__EXERCISE BRIEF__.
A complete and exact copy of the data below is required.
++++ PROVIDED DATA
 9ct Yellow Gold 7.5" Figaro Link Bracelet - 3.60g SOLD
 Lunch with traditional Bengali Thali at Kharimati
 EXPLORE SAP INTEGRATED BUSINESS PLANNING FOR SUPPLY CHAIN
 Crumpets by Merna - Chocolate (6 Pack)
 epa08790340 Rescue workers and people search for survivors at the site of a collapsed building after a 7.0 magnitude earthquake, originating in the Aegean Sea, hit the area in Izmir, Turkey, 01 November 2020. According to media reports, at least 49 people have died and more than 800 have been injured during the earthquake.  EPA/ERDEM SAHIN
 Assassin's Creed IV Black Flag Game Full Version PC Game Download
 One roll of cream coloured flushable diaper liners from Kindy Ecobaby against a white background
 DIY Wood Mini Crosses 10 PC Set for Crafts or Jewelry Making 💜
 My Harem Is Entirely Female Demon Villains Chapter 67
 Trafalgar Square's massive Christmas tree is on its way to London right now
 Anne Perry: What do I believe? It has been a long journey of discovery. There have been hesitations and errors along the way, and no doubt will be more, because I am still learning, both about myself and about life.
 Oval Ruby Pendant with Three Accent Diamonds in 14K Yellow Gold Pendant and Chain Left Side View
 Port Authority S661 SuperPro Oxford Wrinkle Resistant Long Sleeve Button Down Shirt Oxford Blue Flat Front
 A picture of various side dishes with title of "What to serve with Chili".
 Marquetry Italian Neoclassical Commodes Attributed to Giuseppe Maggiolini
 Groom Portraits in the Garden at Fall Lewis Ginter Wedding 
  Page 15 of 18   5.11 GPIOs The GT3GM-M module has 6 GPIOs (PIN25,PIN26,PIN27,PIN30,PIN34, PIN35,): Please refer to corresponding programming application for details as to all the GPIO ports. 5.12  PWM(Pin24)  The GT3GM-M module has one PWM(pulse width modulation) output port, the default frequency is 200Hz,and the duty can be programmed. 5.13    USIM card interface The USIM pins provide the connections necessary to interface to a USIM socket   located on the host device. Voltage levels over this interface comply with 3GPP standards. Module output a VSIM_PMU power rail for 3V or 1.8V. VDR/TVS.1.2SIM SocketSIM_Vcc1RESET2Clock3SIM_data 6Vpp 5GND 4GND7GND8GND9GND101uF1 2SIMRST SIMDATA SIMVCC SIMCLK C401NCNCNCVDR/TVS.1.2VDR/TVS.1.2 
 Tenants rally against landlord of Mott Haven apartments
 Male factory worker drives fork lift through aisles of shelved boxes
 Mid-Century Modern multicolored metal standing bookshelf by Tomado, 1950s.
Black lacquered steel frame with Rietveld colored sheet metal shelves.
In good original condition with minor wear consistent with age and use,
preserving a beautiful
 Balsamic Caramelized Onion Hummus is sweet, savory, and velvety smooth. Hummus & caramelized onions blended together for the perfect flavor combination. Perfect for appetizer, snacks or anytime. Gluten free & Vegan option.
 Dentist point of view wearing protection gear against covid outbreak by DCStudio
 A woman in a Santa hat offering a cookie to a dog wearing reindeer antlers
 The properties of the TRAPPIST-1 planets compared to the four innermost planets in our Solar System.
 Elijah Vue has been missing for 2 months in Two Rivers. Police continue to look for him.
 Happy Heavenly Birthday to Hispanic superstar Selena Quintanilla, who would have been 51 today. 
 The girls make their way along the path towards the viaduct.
++++++++
__RESPONSE BOX__.
 9ct Yellow Gold 7.5" Figaro Link Bracelet - 3.60g SOLD
 Lunch with traditional Bengali Thali at Kharimati
 EXPLORE SAP INTEGRATED BUSINESS PLANNING FOR SUPPLY CHAIN
 Crumpets by Merna - Chocolate (6 Pack)
 epa08790340 Rescue workers and people search for survivors at the site of a collapsed building after a 7.0 magnitude earthquake, originating in the Aegean Sea, hit the area in Izmir, Turkey, 01 November 2020. According to media reports, at least 49 people have died and more than 800 have been injured during the earthquake.  EPA/ERDEM SAHIN
 Assassin's Creed IV Black Flag Game Full Version PC Game Download
 One roll of cream coloured flushable diaper liners from Kindy Ecobaby against a white background
 DIY Wood Mini Crosses 10 PC Set for Crafts or Jewelry Making 💜
 My Harem Is Entirely Female Demon Villains Chapter 67
 Trafalgar Square's massive Christmas tree is on its way to London right now
 Anne Perry: What do I believe? It has been a long journey of discovery. There have been hesitations and errors along the way, and no doubt will be more, because I am still learning, both about myself and about life.
 Oval Ruby Pendant with Three Accent Diamonds in 14K Yellow Gold Pendant and Chain Left Side View
 Port Authority S661 SuperPro Oxford Wrinkle Resistant Long Sleeve Button Down Shirt Oxford Blue Flat Front
 A picture of various side dishes with title of "What to serve with Chili".
 Marquetry Italian Neoclassical Commodes Attributed to Giuseppe Maggiolini
 Groom Portraits in the Garden at Fall Lewis Ginter Wedding 
  Page 15 of 18   5.11 GPIOs The GT3GM-M module has 6 GPIOs (PIN25,PIN26,PIN27,PIN30,PIN34, PIN35,): Please refer to corresponding programming application for details as to all the GPIO ports. 5.12  PWM(Pin24)  The GT3GM-M module has one PWM(pulse width modulation) output port, the default frequency is 200Hz,and the duty can be programmed. 5.13    USIM card interface The USIM pins provide the connections necessary to interface to a USIM socket   located on the host device. Voltage levels over this interface comply with 3GPP standards. Module output a VSIM_PMU power rail for 3V or 1.8V. VDR/TVS.1.2SIM SocketSIM_Vcc1RESET2Clock3SIM_data 6Vpp 5GND 4GND7GND8GND9GND101uF1 2SIMRST SIMDATA SIMVCC SIMCLK C401NCNCNCVDR/TVS.1.2VDR/TVS.1.2 
 Tenants rally against landlord of Mott Haven apartments
 Male factory worker drives fork lift through aisles of shelved boxes
 Mid-Century Modern multicolored metal standing bookshelf by Tomado, 1950s.
Black lacquered steel frame with Rietveld colored sheet metal shelves.
In good original condition with minor wear consistent with age and use,
preserving a beautiful
 Balsamic Caramelized Onion Hummus is sweet, savory, and velvety smooth. Hummus & caramelized onions blended together for the perfect flavor combination. Perfect for appetizer, snacks or anytime. Gluten free & Vegan option.
 Dentist point of view wearing protection gear against covid outbreak by DCStudio
 A woman in a Santa hat offering a cookie to a dog wearing reindeer antlers
 The properties of the TRAPPIST-1 planets compared to the four innermost planets in our Solar System.
 Elijah Vue has been missing for 2 months in Two Rivers. Police continue to look for him.
 Happy Heavenly Birthday to Hispanic superstar Selena Quintanilla, who would have been 51 today. 
 The girls make their way along the path towards the viaduct.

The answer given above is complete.